Nation-Building the Peaceful Way
 | | Kennedy greets Peace Corps volunteers on the South Lawn of the White House, August 9, 1962. | | (John F. Kennedy Library, Boston, MA) |
On March 1, 1961—45 years ago today—President John F. Kennedy issued an executive order establishing a government program that remains inspiring and influential to this day—the Peace Corps.
Its goal was ambitious: to place educated young Americans in foreign countries where with their expertise and energy they could assist in national development. A study had suggested that as many as 5,000 volunteers could be useful in countries in Asia, Africa, and Latin America. The new program was so successful, however, that it quickly exceeded that enlistment goal. Within five years, more than 15,000 American youths were stationed abroad.
Kennedy and his advisers had considered making a pledge to create an international service organization along the lines of the Peace Corps during the 1960 presidential campaign, and on October 14 of that year, in an extemporaneous speech at the University of Michigan, he had asked the massed students, “How many of you are willing to spend 10 years in Africa or Latin America or Asia working for the U.S. and working for freedom?” The crowd’s response was overwhelmingly positive. The reaction from his opponent’s camp was not so enthusiastic; Vice President Richard Nixon, the Republican nominee, derided the idea as a “haven for draft dodgers.” President Eisenhower dismissed it as “a juvenile experiment.” In November, however, it was Kennedy the voters sent to the White House.
The idea was not without historical precedent. During the Great Depression Franklin Roosevelt’s government had sponsored the Civilian Conservation Corps, which paid unemployed young men to work on federal land, in parks and forests. Ultimately, several million people had taken advantage of the opportunity, both to lift themselves out of destitution and to serve their country. And the British Voluntary Service Organization employed several hundred young people in the developing world. A program of the Peace Corps’s scale and ambition was unprecedented in the United States, but its proponents could point to a variety of successful forerunners.
Kennedy put his own brother-in-law, Sargent Shriver, in charge of the program, and without Shriver’s sure leadership it might never have lived up to its promise. His coworkers praised him as a “visionary” with the “competitive, bottom-line instincts of a corporate CEO.” He was famous for seven-day weeks and for pushing his staff to the limits of their endurance in order to get the job done. Former Pennsylvania Senator Harris Wofford, a onetime Shriver aide, has described him as “not a tidy administrator, but . . . a great executive.” He was also not above making compromises in the interests of practicality. Going against his own political instincts, he agreed to administer a loyalty oath to prospective Peace Corps employees in order to win full and permanent funding from a reluctant Congress.
The Peace Corps was not just a way of helping the developing world and increasing America’s prestige abroad; it also promoted national unity at home. Shriver was fond of touting its ability to bring together Americans of disparate backgrounds. Alongside working- and middle-class volunteers worked men with names like Saltonstall, Rockefeller, and Taft, some of whom would go on to positions of national prominence.

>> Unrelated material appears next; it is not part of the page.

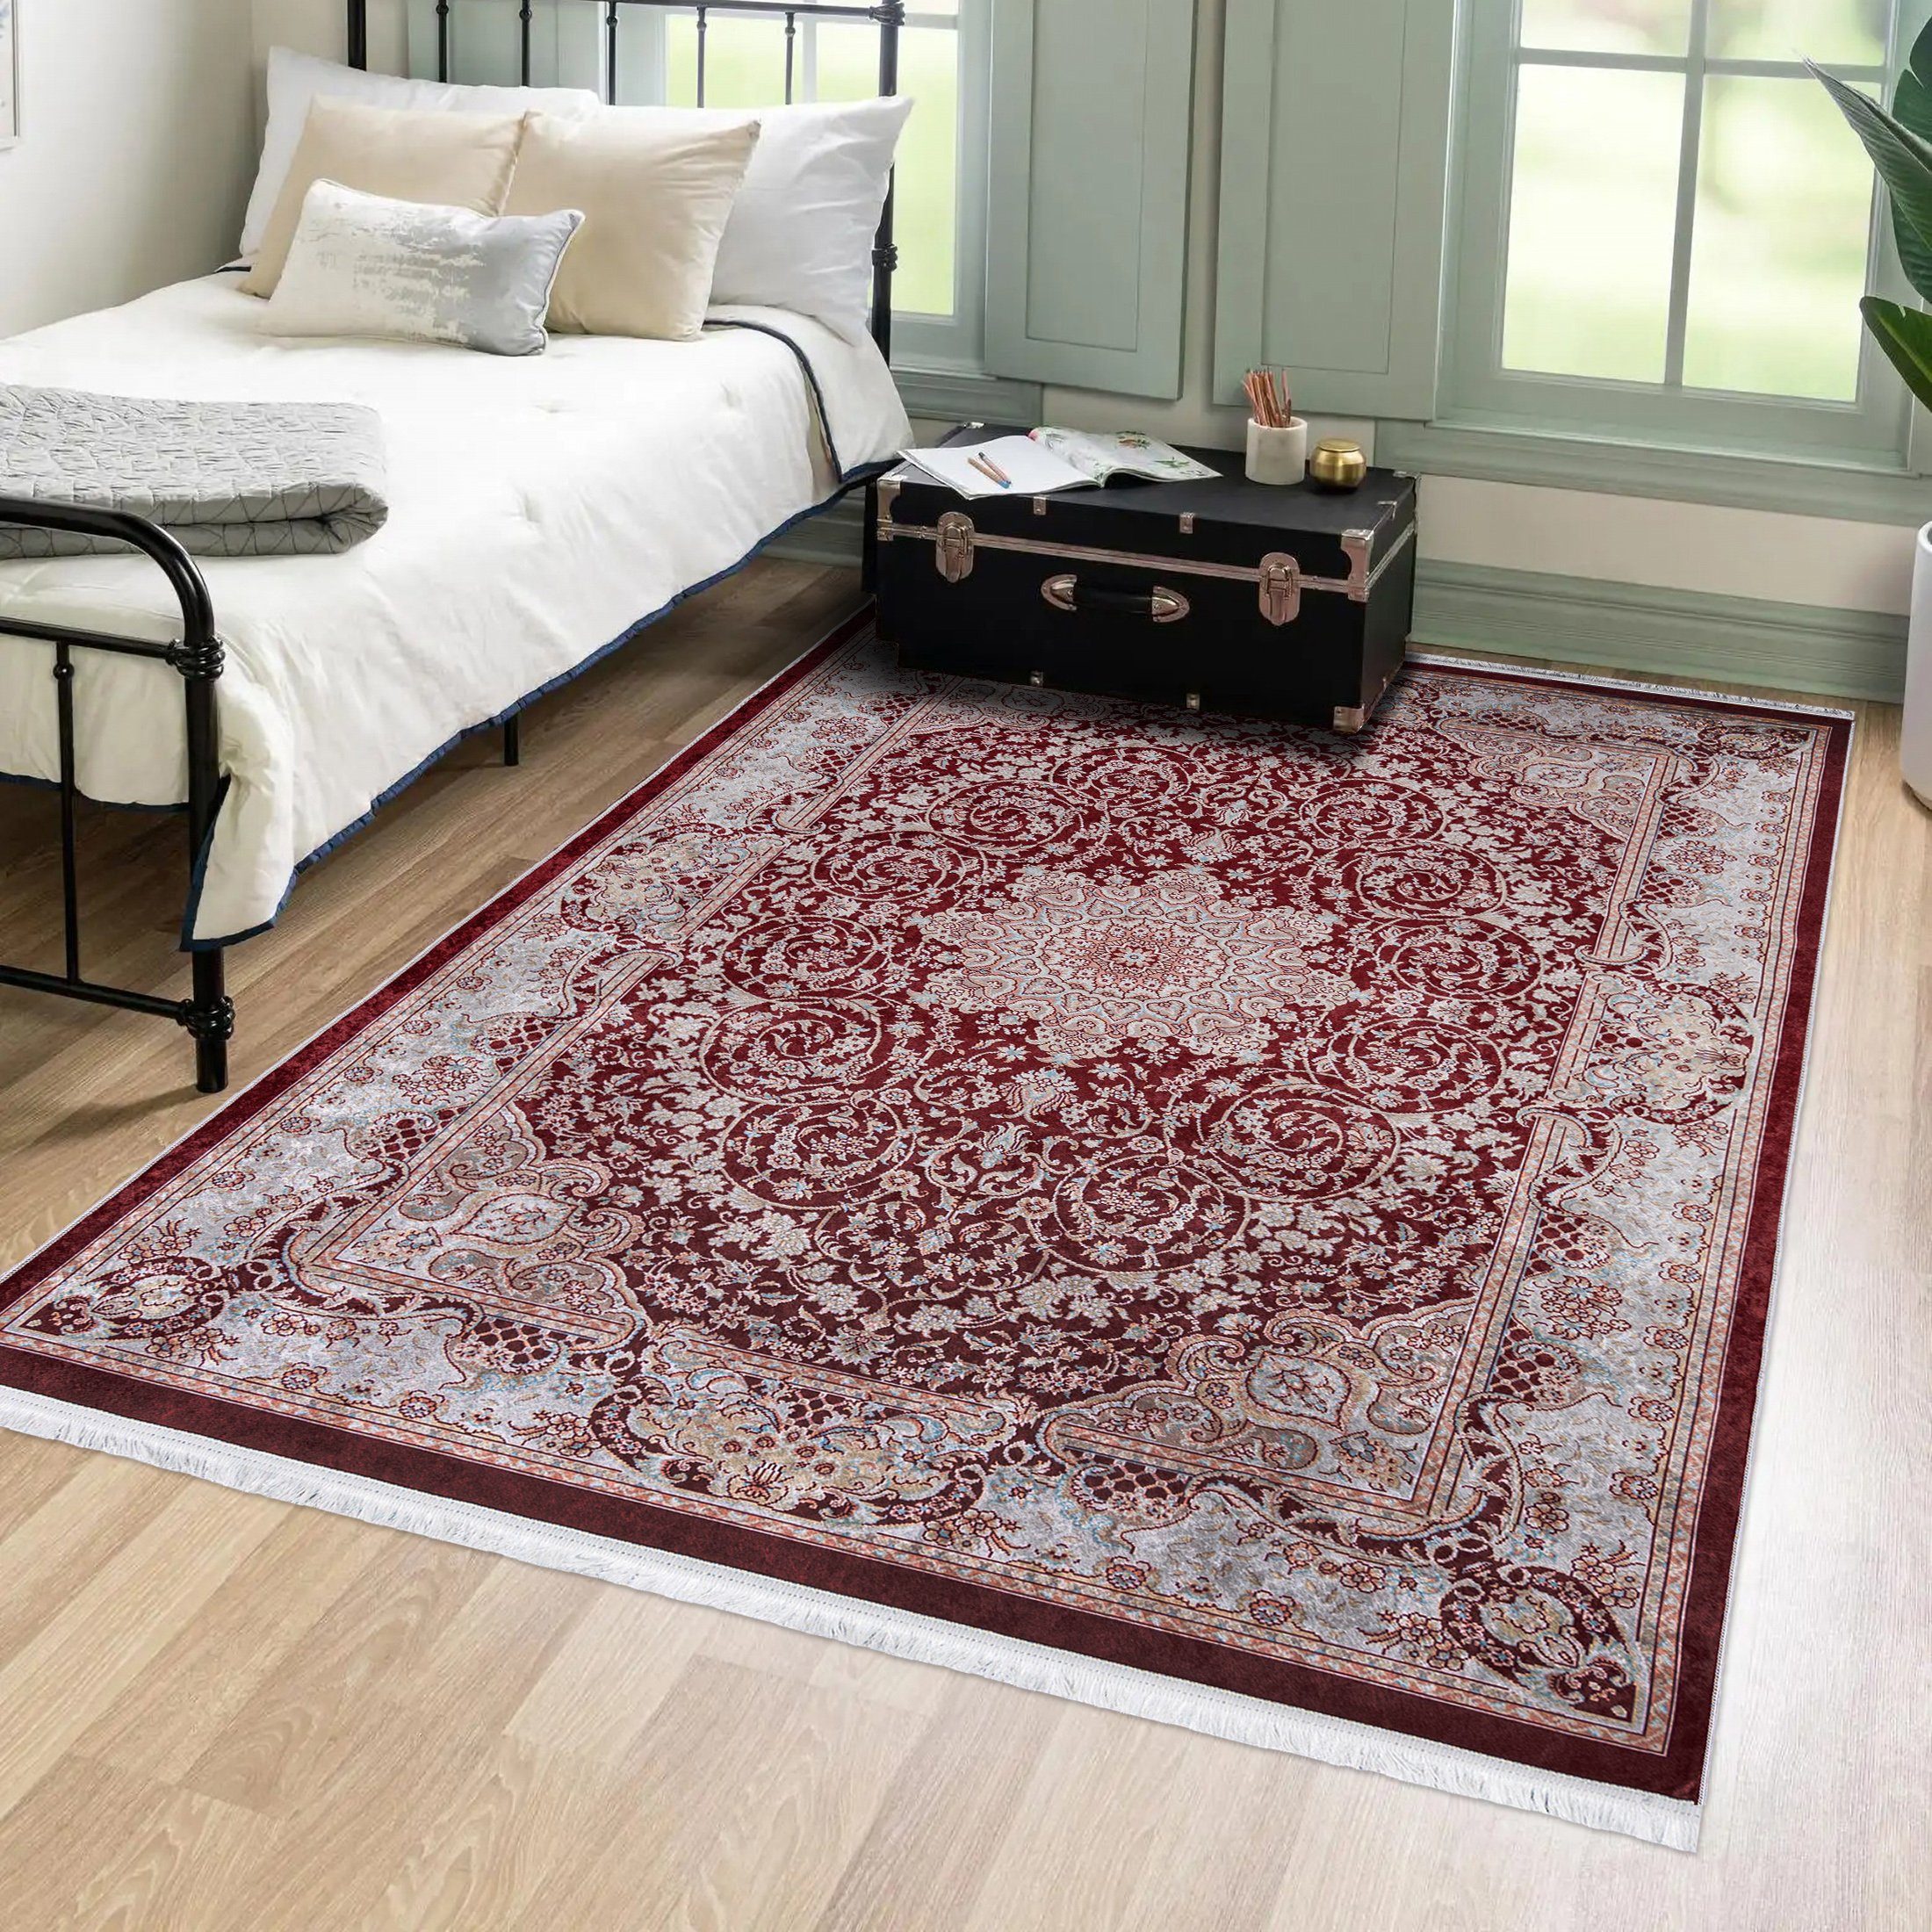 Orientteppich Orientalisch Vintage Teppich Traditioneller Orient Teppich, Mazovia, 80 x 150 cm, Kurflor, Waschbar in Waschmaschine, Höhe 5 mm, Rutschfest Rot / 42510 | Alle Teppiche

Here, Shriver proclaimed, was a program that could transcend economic boundaries. But not, at first, racial boundaries; of the initial 185 trainees, only 4 were black. The Corps did train public servants who would one day lead the U.S. government, though. Future Senator Christopher Dodd served in the Dominican Republic; future Secretary of Health and Human Services Donna Shalala worked in Iran; and Congressmen Mike Honda and J. T. Walsh labored in El Salvador and Nepal, respectively.

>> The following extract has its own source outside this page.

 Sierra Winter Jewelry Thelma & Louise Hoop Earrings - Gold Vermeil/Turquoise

In the years just after Kennedy, the public remained highly supportive of the program. Lyndon Johnson used it as a model for his domestic-service agency Volunteers in Service to America, a leading part of his war on poverty. Even after Kennedy’s Democratic party gave up the White House, less instinctively supportive administrations were reluctant to meddle with the Peace Corps. Nixon’s aide Patrick Buchanan advised the thirty-seventh President that it would be a mistake to tamper with such a popular initiative, and the man who had formerly been among the Peace Corps’s most prominent critics came to support its continued existence.
Enlistment lapsed during the Vietnam War, however, as many likely volunteers found themselves drafted into military service instead. The number of volunteers dropped from 15,000 to 5,000. Later, during the 1990s, when the economy was flourishing and lucrative jobs were in plenty, enlistment dwindled again. Then after the terrorist attacks of September 11, 2001, the Corps saw its application totals spike by 23 percent.
With corporate jobs in shorter supply, a growing sense of national unity, and a strong endorsement of national service in President Bush’s 2002 State of the Union Address, Americans began to take an interest once more in serving their country abroad. Because of this, and because of the growth of Peace Corps-inspired programs like Teach for America, President Kennedy’s legacy of national service has endured and remains strong to this day.
—Alexander Burns, an undergraduate at Harvard College, is a frequent contributor to AmericanHeritage.com.